# Working for an Indian employer on UC457 dependent VISA



## skj_84 (Sep 20, 2012)

Hi,
I have a UC457 dependent Visa (sponsored by my wife's company) and I am going to accompany my wife on whom I will be dependent for around an year. 

If my Indian employer allows me to work remotely (i.e. living in Australia), is it legal for me to work from Australia for my Indian employer? Is there any legal obligations? Kindly, suggest...


----------



## borntobeaussie (Nov 30, 2011)

Its legal for u to work, whether remotely or otherwise as spouse visa for 457 has unlimited work rights. My spouse is working for an indian company on a dependent 457


----------



## skj_84 (Sep 20, 2012)

borntobeaussie said:


> Its legal for u to work, whether remotely or otherwise as spouse visa for 457 has unlimited work rights. My spouse is working for an indian company on a dependent 457


Good to hear that borntobeaussie. Can you pls. tel me more about it (sorry to have overloaded u with bunch of more queries ):

- Does your spouse need to pay any tax to aussie govt. although he is working for Indian employer sitting remotely in Australia OR he is just paying tax to india govt as usual...

- How long has he been doing/or have plan to do the remote work... My manager said, it's possible that once u r more than 7 months away from India... then u r NRI and so the company may face some legal obligation while giving u salary in India... do u have any info on the validity of this statement?

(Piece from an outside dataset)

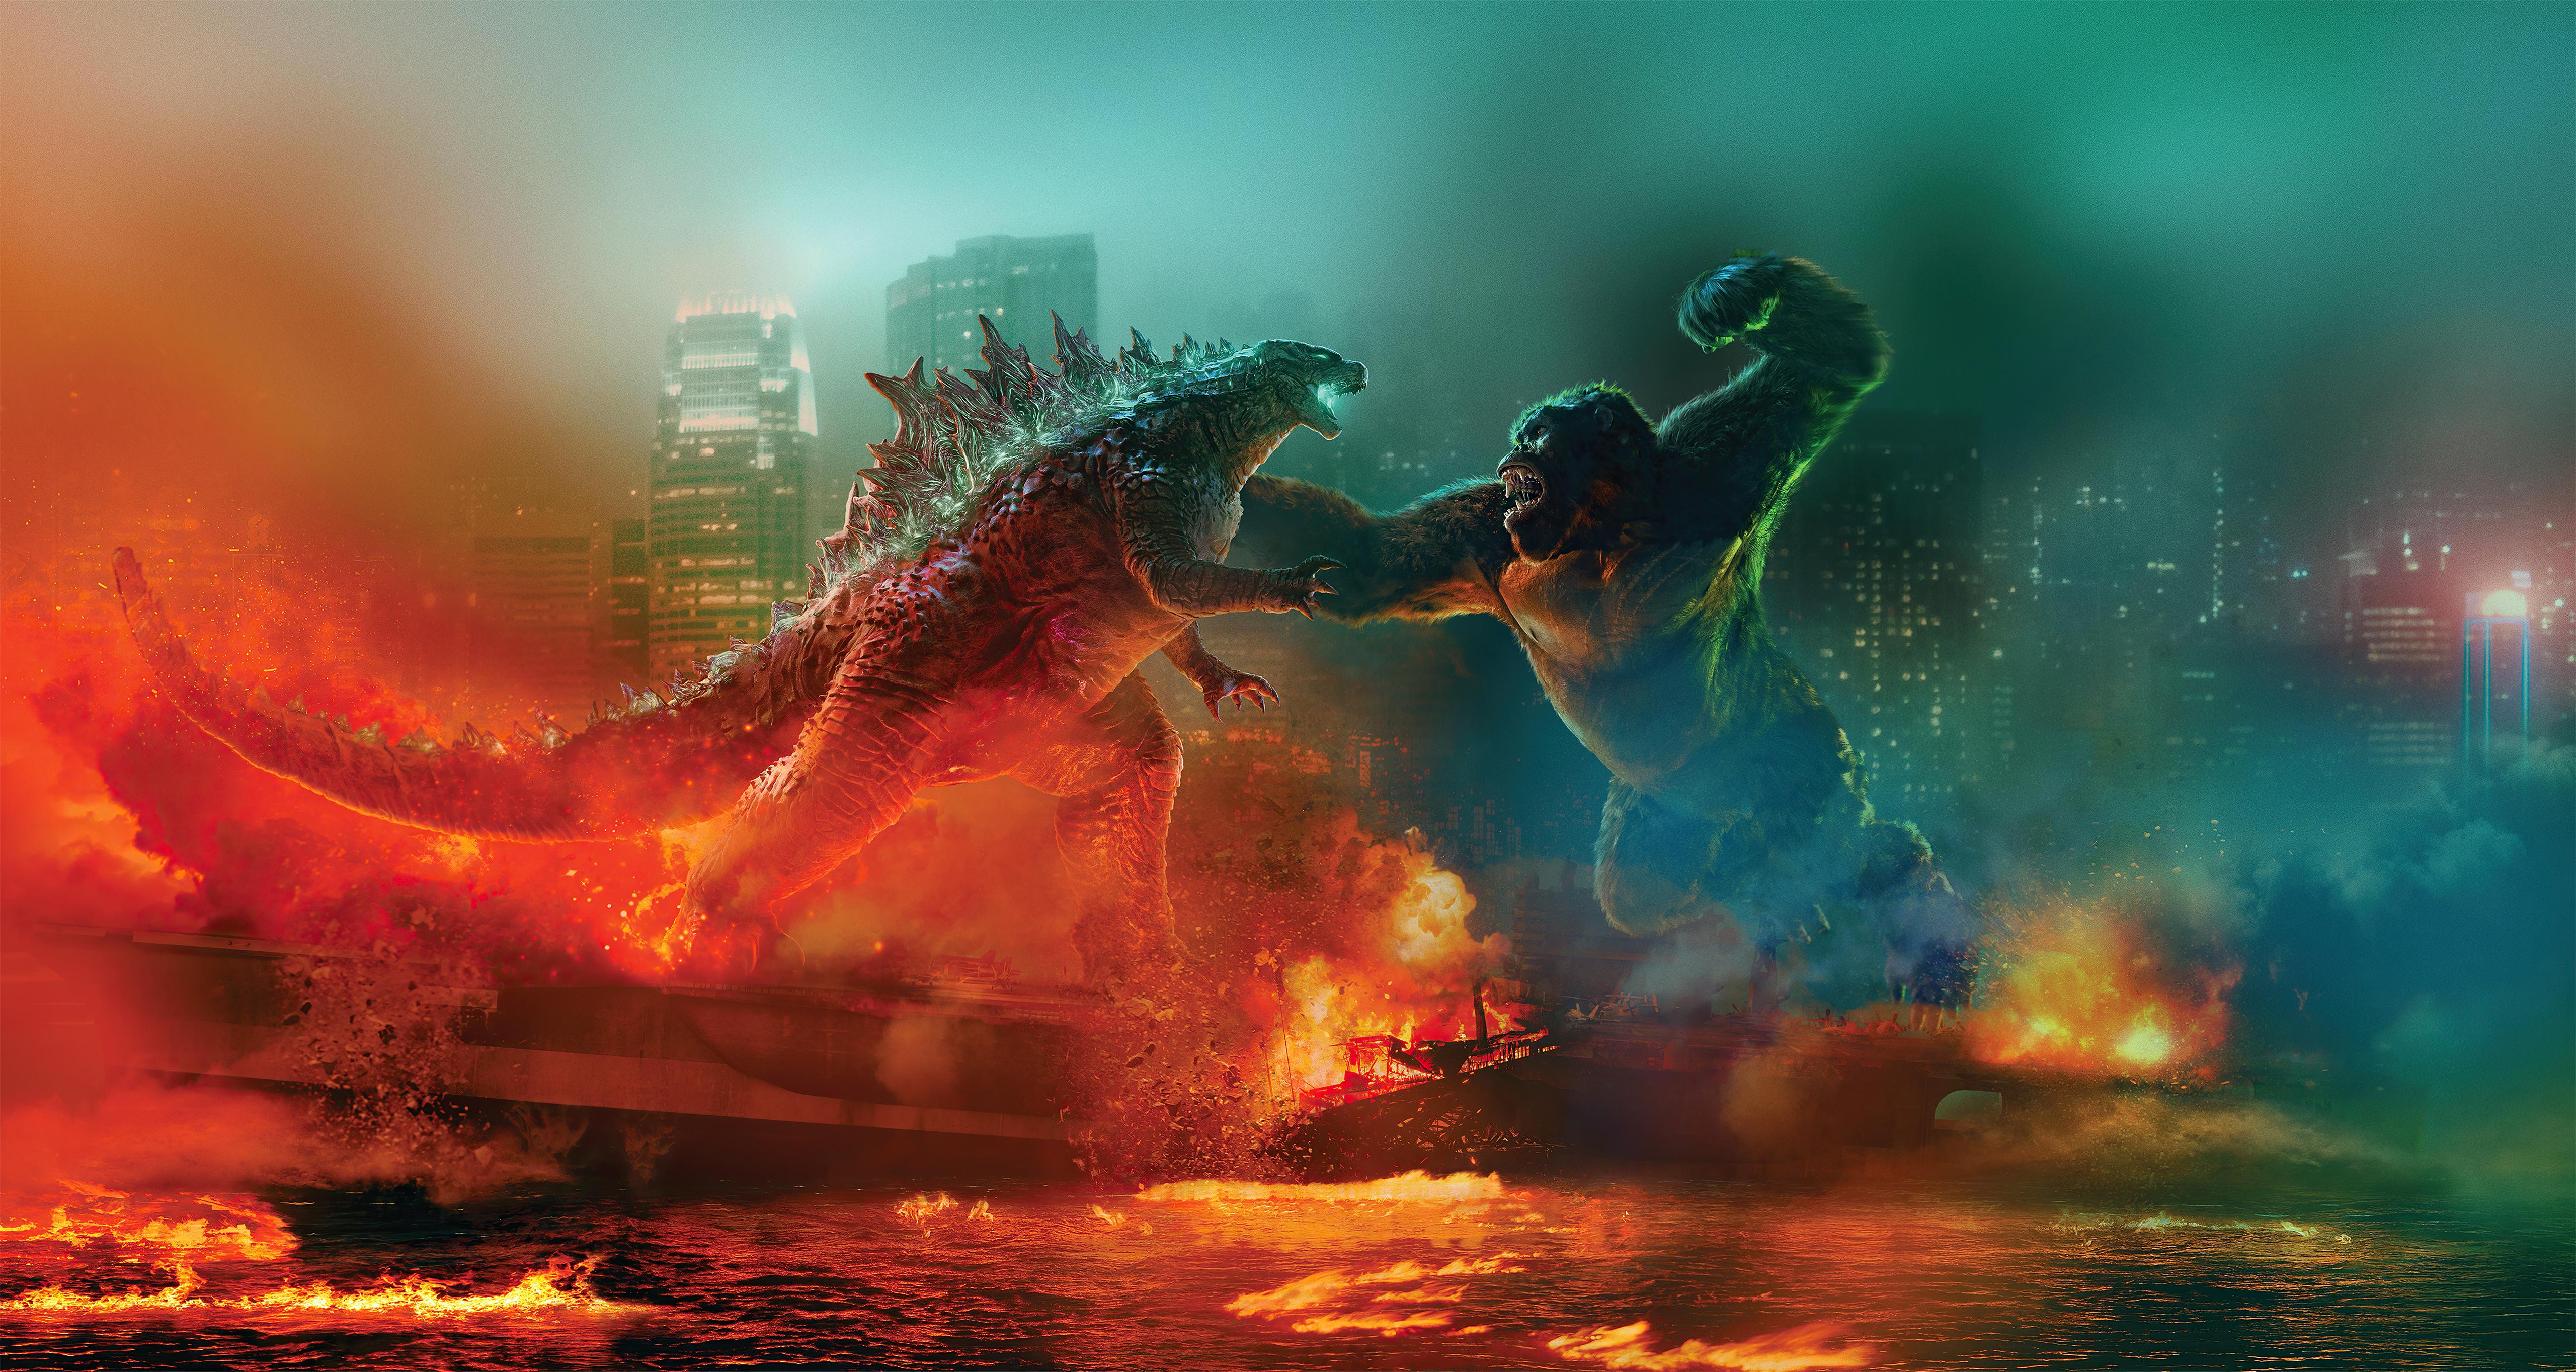 godzilla vs kong fight 4k 1618165968 - Godzilla Vs Kong Fight 4k - Godzilla Vs Kong Fight 4k wallpapers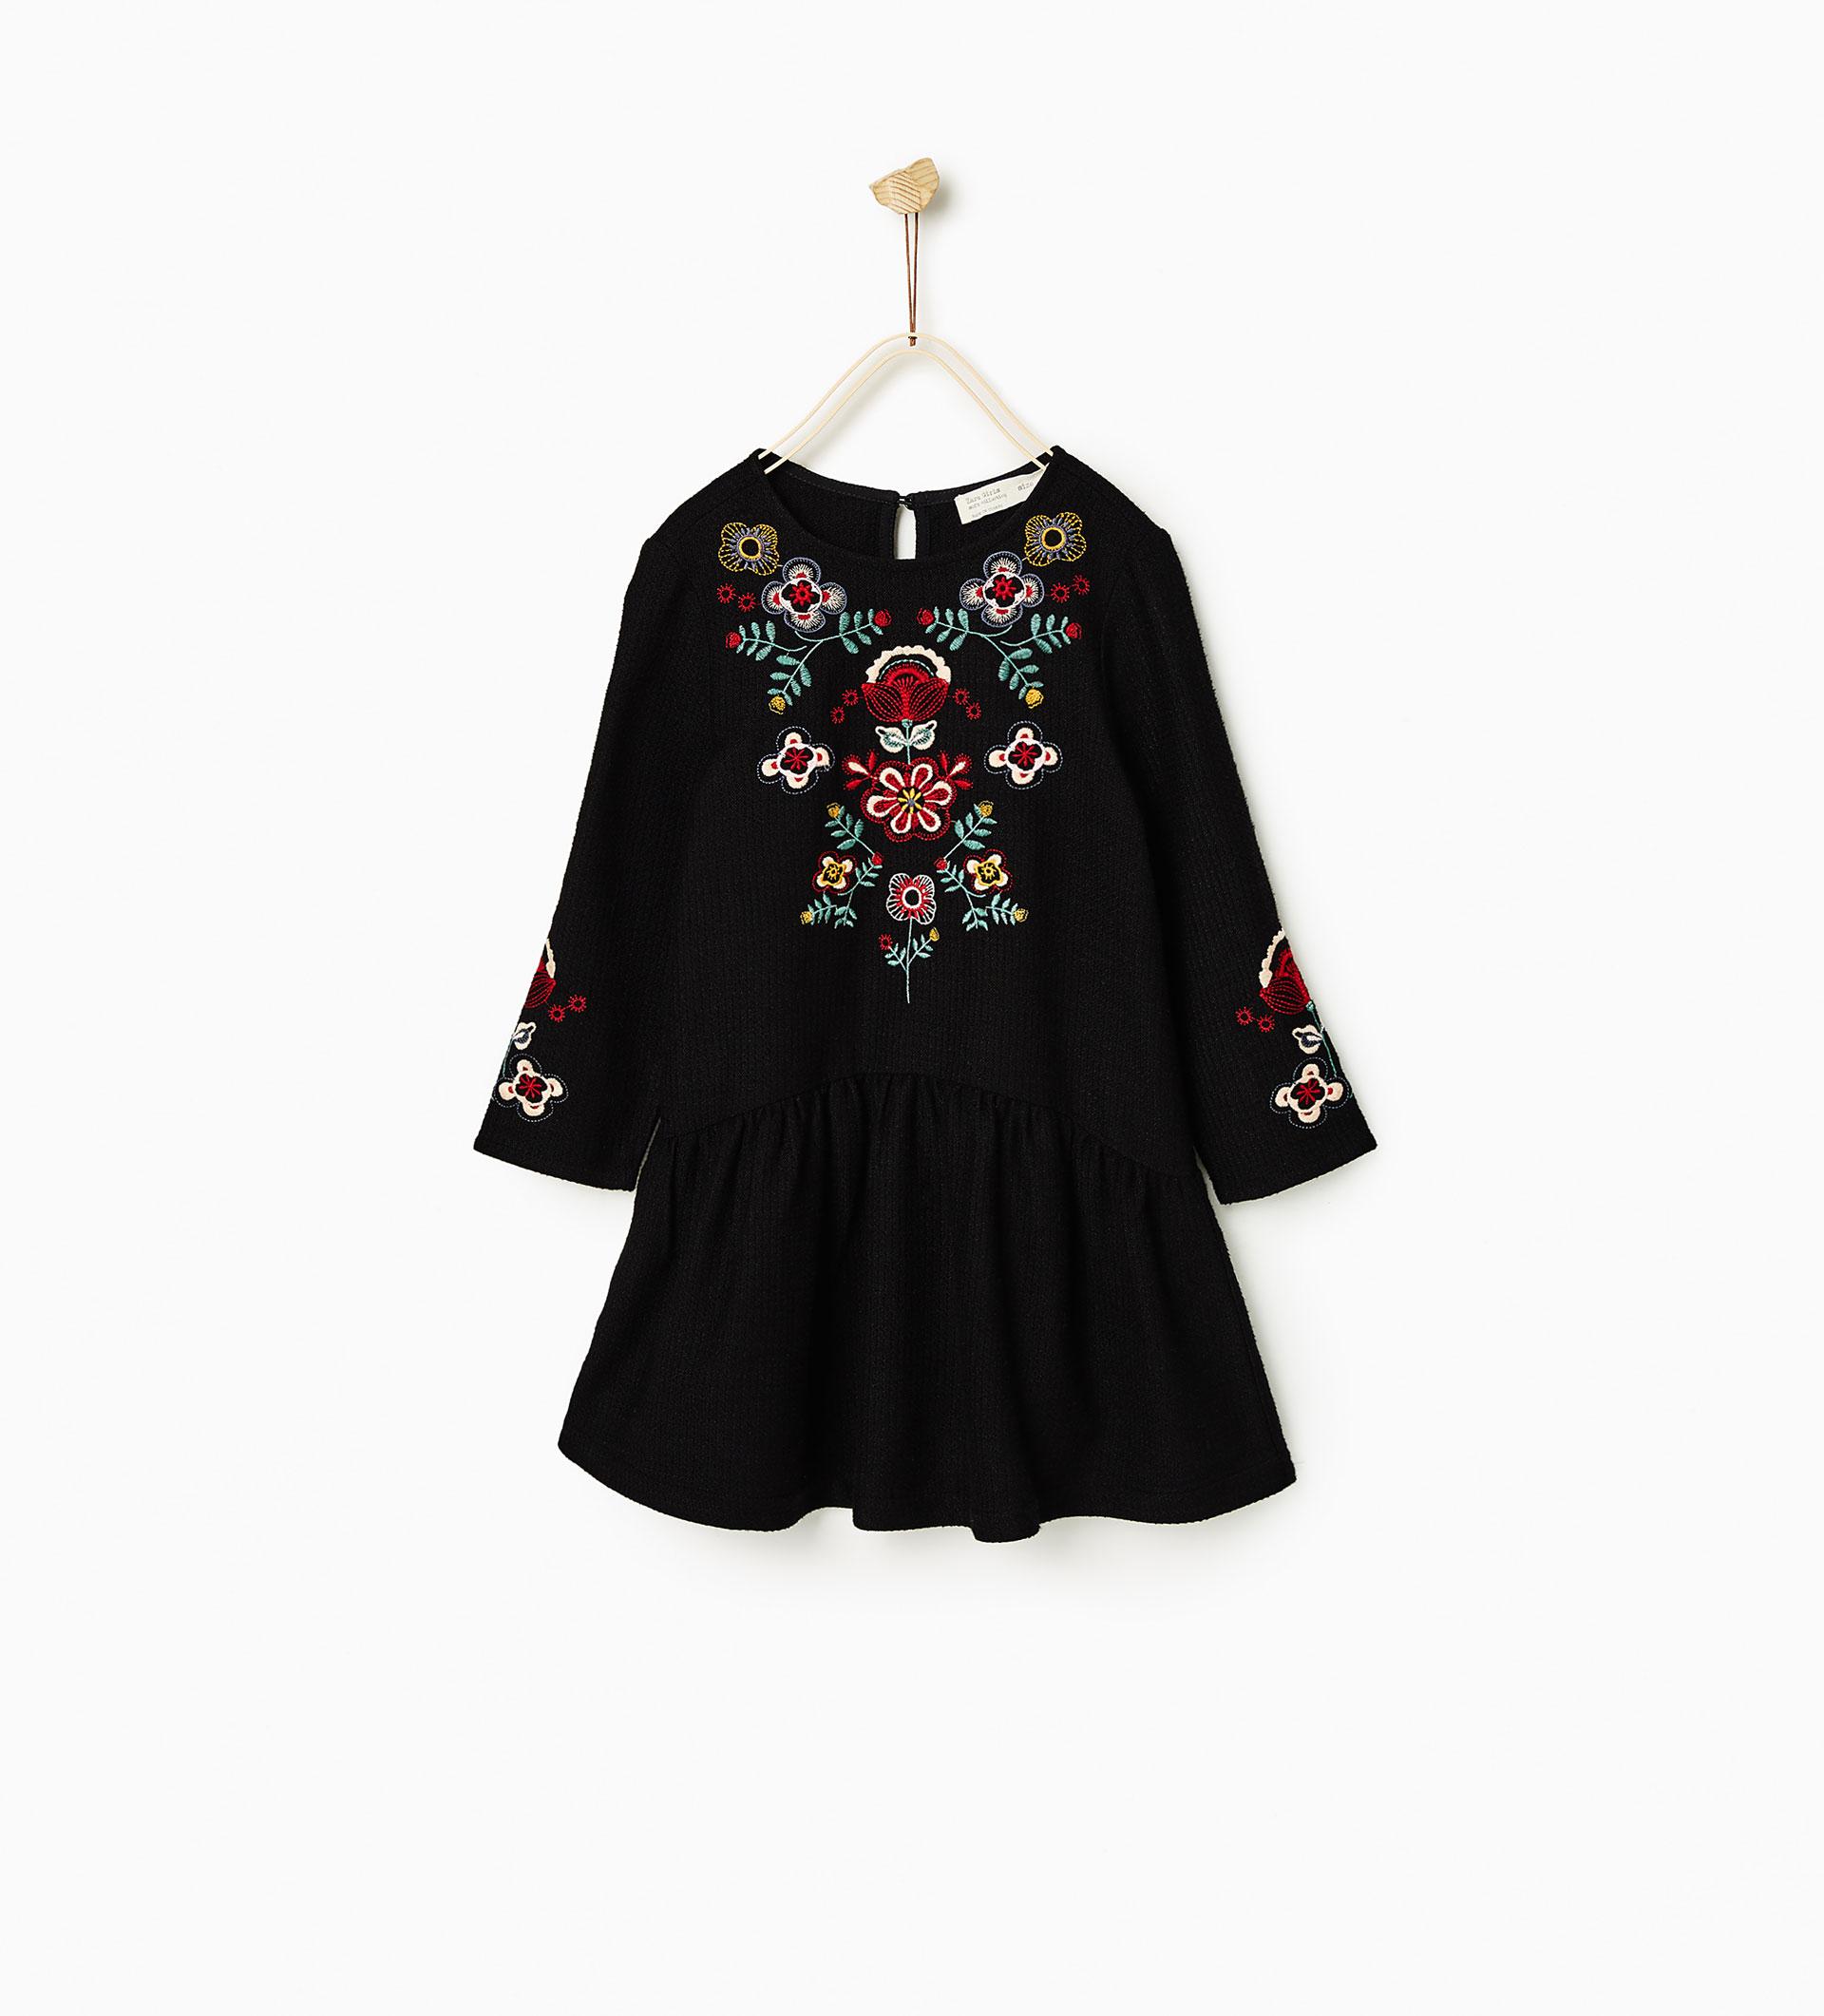 Sayuri Villalba - Zara Kids Embroidery Flowers1

- Do you (by any chance) also know if there could be any problem from Indian govt. side if an employee is working remotely for around an yr..... problem w.r.t employee and employer both...

Thanks,
Sujeet


----------



## Guest (Sep 20, 2012)

If you are resident in Australia you must file and pay taxes due on any income regardless of where your employer is based.


----------



## mpp (Jul 12, 2010)

skj_84 said:


> Good to hear that borntobeaussie. Can you pls. tel me more about it (sorry to have overloaded u with bunch of more queries ):
> 
> - Does your spouse need to pay any tax to aussie govt. although he is working for Indian employer sitting remotely in Australia OR he is just paying tax to india govt as usual...
> 
> ...



If you are a resident of Australia for tax purpose (that is either on 457 visa or PR) you need to pay tax on your worldwide income. That income could be any , in this case your income working for a foreign employer.


----------



## borntobeaussie (Nov 30, 2011)

Actually my spouse has been transferred under australian payroll so its a diff case for us. But as MPP mentioned, if u are a tax resident for Autralia, you will need to pay tax on ur worldwide income in Australia. Also whatevere ur company mentioned abt 7 months which will make u an NRI is also true. The official time for you to become an NRI after being away from India is 6 months. Remember than in case u have been in India for more than 180 days, u will be a tax resident for indian purpose as well. I have seen some of my friends taking their spouses on a L2 visa(US L1 spouse) and they have been working there for years. But again it will depend upon how flexible ur company is on this. 




mpp said:


> If you are a resident of Australia for tax purpose (that is either on 457 visa or PR) you need to pay tax on your worldwide income. That income could be any , in this case your income working for a foreign employer.


----------



## skj_84 (Sep 20, 2012)

Thanks borntobeaussie & _shel & mpp


----------